What is the recommended duration of naltrexone treatment for alcohol use disorder?

Background
Alcohol use disorder (AUD) is a major public health issue, affecting over 28 million people aged 12 years and older in the United States alone and contributing to approximately 178,000 deaths annually.1 A wide range of serious health complications are linked to AUD, including liver disease, heart disease, mental health disorders, cancer, and increased risk of accidents and violence. Effective treatment often requires a combination of behavioral and pharmacologic interventions, with naltrexone being one of a few key drug therapies playing an important role in reducing cravings and preventing relapse.2-5 This article reviews current evidence to inform decision-making on the optimal duration of naltrexone therapy for AUD.

Naltrexone
Naltrexone works by blocking opioid receptors in the brain, reducing the rewarding and pleasurable effects of alcohol, which can help decrease cravings and the likelihood of relapse.2,3 Naltrexone is available as both an oral tablet and a long-acting injectable formulation.6 The oral tablet is typically taken once daily, while the extended-release injectable form is administered once monthly, offering a convenient option for individuals who may struggle with daily adherence. Despite the availability of naltrexone and other pharmacological agents that aid in the treatment of AUD, the literature reports relapse rates 1 year after AUD treatment of 40 to 60%.7 Furthermore, about two-thirds of those treated for AUD relapse within the first 6 months

Guidelines
Several guidelines are available to inform treatment decisions surrounding pharmacological therapy for patients with AUD (see Table 1).2-5 However, none have definitively established an optimal duration of therapy for naltrexone.
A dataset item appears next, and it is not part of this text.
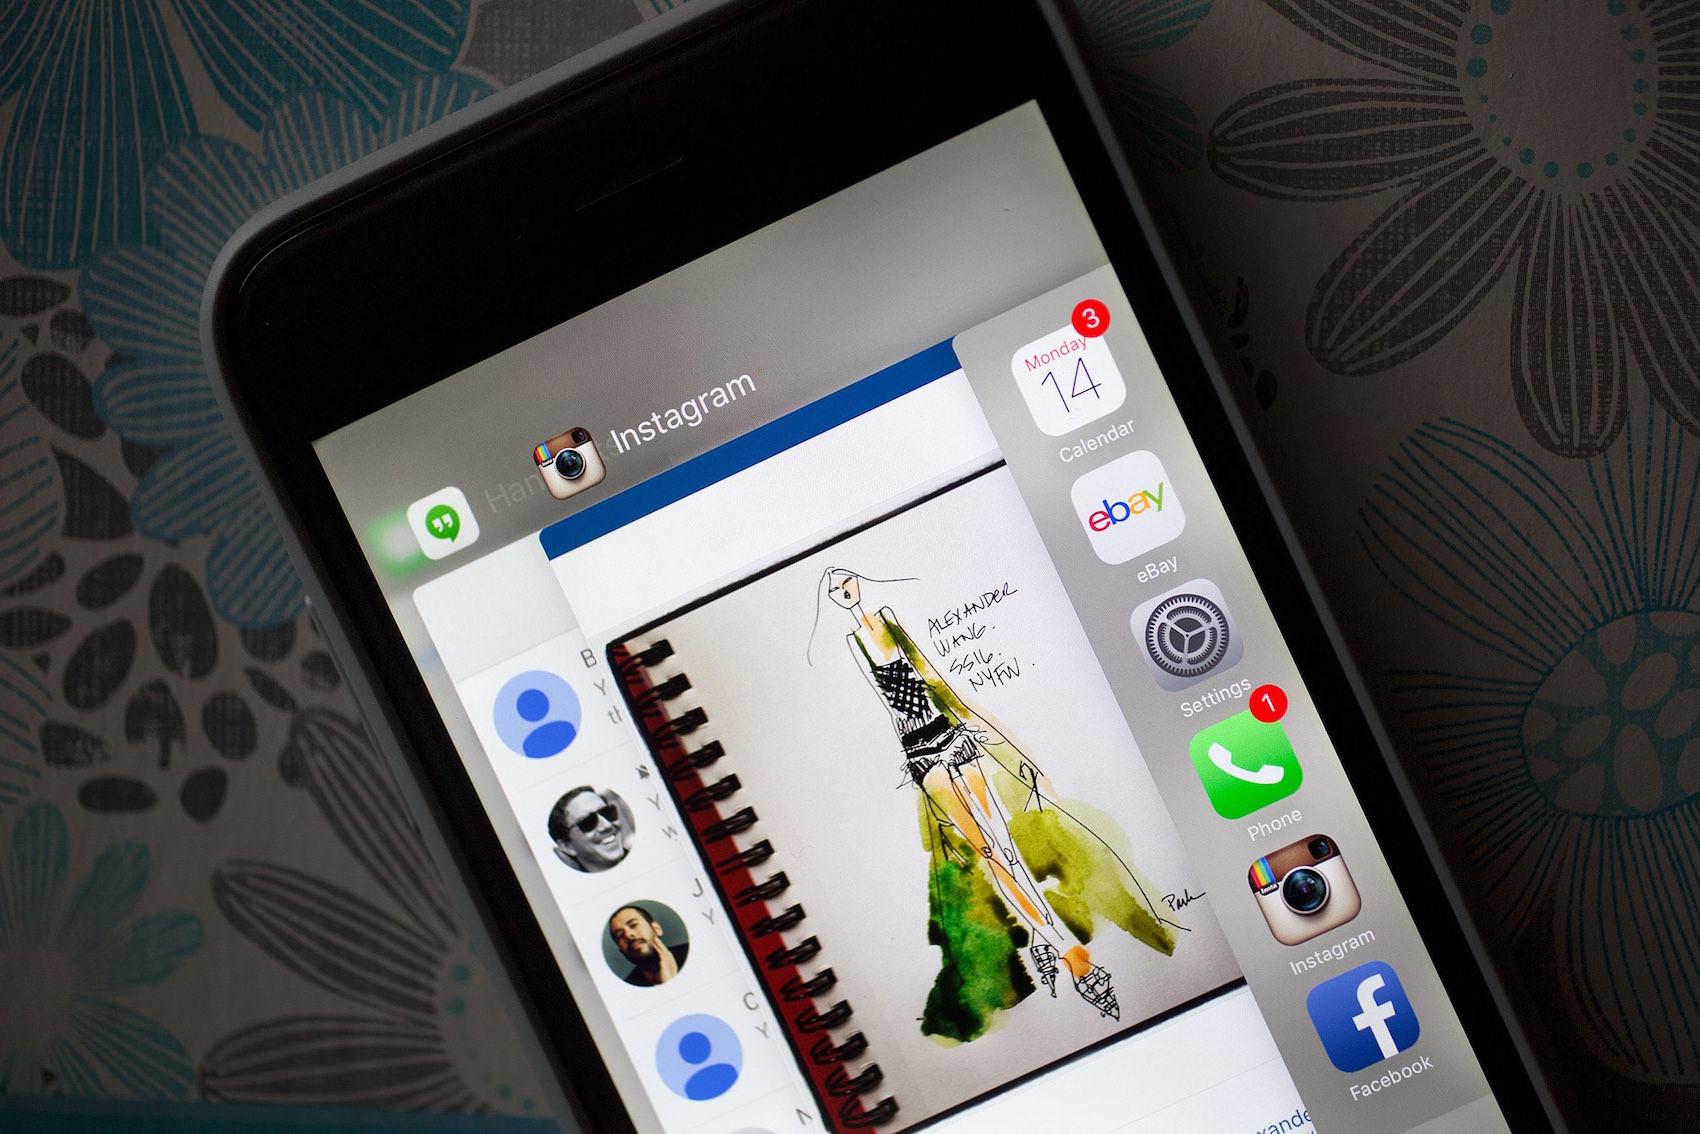 iOS 9.1, iOS 9.2, iOS 9.2.1 и iOS 9.3 beta Jailbreak Cydia Download Hack Crack Tweaks Russia 34

In 2015, the Substance Abuse and Mental Health Services Administration (SAMHSA) suggested that the treatment of patients with AUD should continue for at least 6 months to 1 year.2 This was a general recommendation and not specific to any particular treatment modality. Nonetheless, SAMSHA emphasized that the length of treatment should be tailored to individual patient needs.2,3 In a 2013 guide from SAMSHA focused on alcohol pharmacotherapies, authors cite literature that demonstrates the safety of oral naltrexone for up to 1 year.2 Additionally, for patients in stable recovery, authors state that oral or injectable naltrexone may be beneficial for short periods during times of increased risk for relapse.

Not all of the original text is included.